Pocas cosas sabemos de la vida de este trágico héroe. Ahora bien, son suficientes elocuentes para imaginar una novela. En primer lugar, Joan Gualbes combatió contra los Borbones tanto con la espada como con la pluma, bajo el seudónimo de “El Rector de Bellesguard” (el nombre hace referencia a la casa señorial de su familia, situada en la finca de la actual Torre Bellesguard de Antoni Gaudí y, con anterioridad, sede el palacio de Martín I) Con la espada fue un destacado defensor de la ciudad. Con la pluma dominó el estilo de la poesía satírica dirigiendo gran parte de sus pullas contra Felipe V y sus partidarios. Poemas, por cierto, que compuso casi siempre en catalán, en una época en la cual escribir en este idioma en Barcelona resultaba más bien una rareza.

Además, Joan Gualbes acogió en su casa de Bellesguard a la denominada Academia de los Desconfiados. Esta institución, fundada en 1700, agrupó a nobles y eclesiásticos aficionados a la literatura y la historia de Cataluña. Como novedad, en sus tertulias se admitía tanto a hombres como a mujeres. Muchas de sus actividades culturales eran, en realidad, reuniones políticas encubiertas a favor del archiduque Carlos. En consecuencia, después del sitio de Barcelona en 1714, Felipe V clausuró esta institución. No obstante, en 1729, el impulso de los “Desconfiados” sirvió de semilla para fundar la actual Reial Acadèmia de Bones Lletres de Barcelona. (Real Academia de Buenas Letras de Barcelona)

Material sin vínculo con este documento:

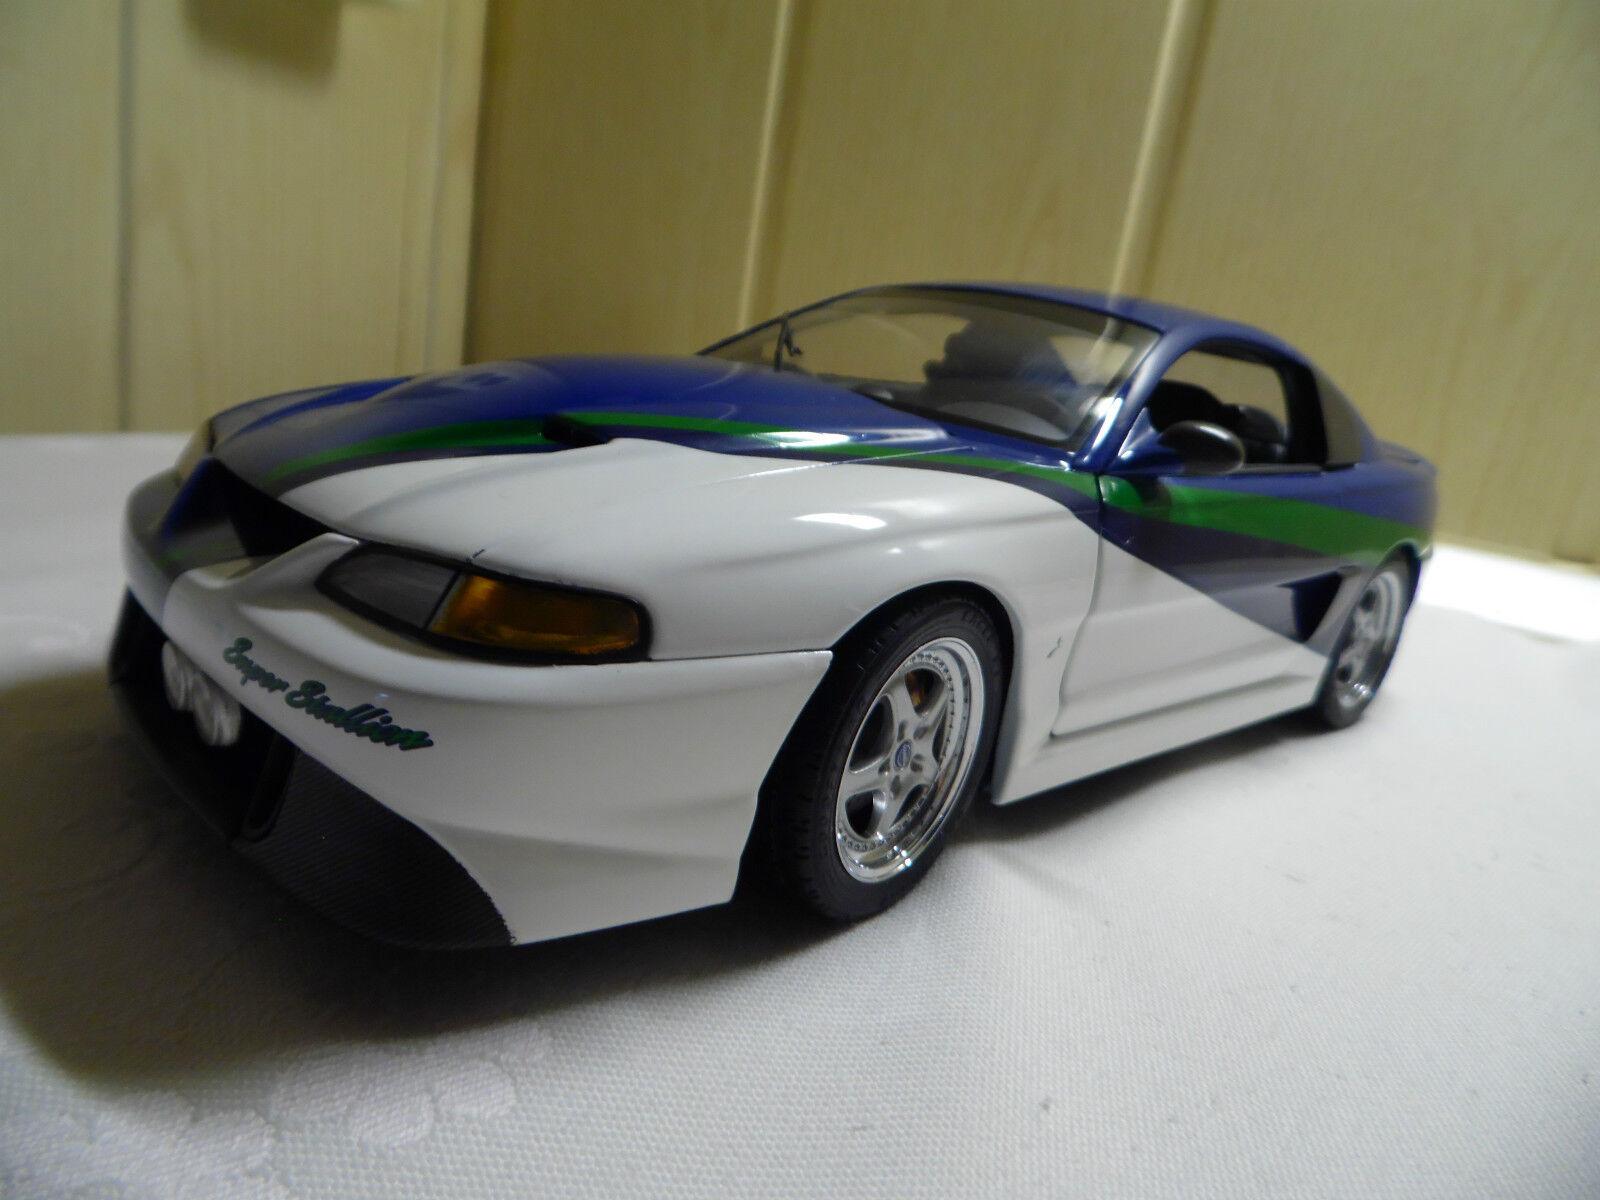 Ford Mustang Super Stallion Auto Art Maßstab 1 18

El siguiente capítulo destacado de la vida de nuestro protagonista ha permanecido escondido durante siglos en la Basílica de los Santos Mártires Justo y Pastor de Barcelona. Un secreto que sólo ha comenzado a salir a la luz gracias al equipo de investigación formado por la familia Guilera, los propietarios de la Torre de Bellesguard que decidieron abrirla al público en el año 2013. Lo que nadie se podía imaginar entonces es que gran parte de lo que ahora sabemos de la historia de la propiedad se lo debemos agradecer a Joan Gualbes. La propia web de la Basílica nos explica este insospechado misterio…

“Joan Ferrer Bonaventura de Gualbes i Copons muere en el año 1714, pero, antes de hacerlo, se esforzó en lograr que la fortaleza de Bellesguard quedará blindada de los ultrajes borbónicos. Su propietario fue muy hábil, y en 1711, hizo un testamento en que dejaba Bellesguard y su mina de agua a la Comunidad de Pebeteros de la iglesia de los Santos Justo y Pastor, y como usufructuaria a su esposa Mariana de Vilallonga hasta el día de su muerte. De esta manera, si Bellesguard queda en poder de la Iglesia, Felipe V no podrá desamortizar los terrenos y apropiárselos. La propiedad de Bellesguard seguirá en manos de la Comunidad de San Justo hasta la desamortización de Mendizábal del año 1835.

Además, gracias a la habilidad de Gualbes i Copons se ha podido conservar el archivo familiar, que también donó a la Comunidad de San Justo y que sus archiveros han logrado conservar y ordenar”.

Casi todos los miembros de la familia Gualbes fueron enterrados en Santa María del Mar, donde mandaron construir una capilla. Su último descendiente, Joan Gualbes, sin embargo, yace en un sarcófago de la Basílica de los Santos Justo y Pastor, la misma iglesia donde escondió la historia de su último hogar, un archivo que se remonta a Martín I, el rey para cuya familia habían servido sus antepasados.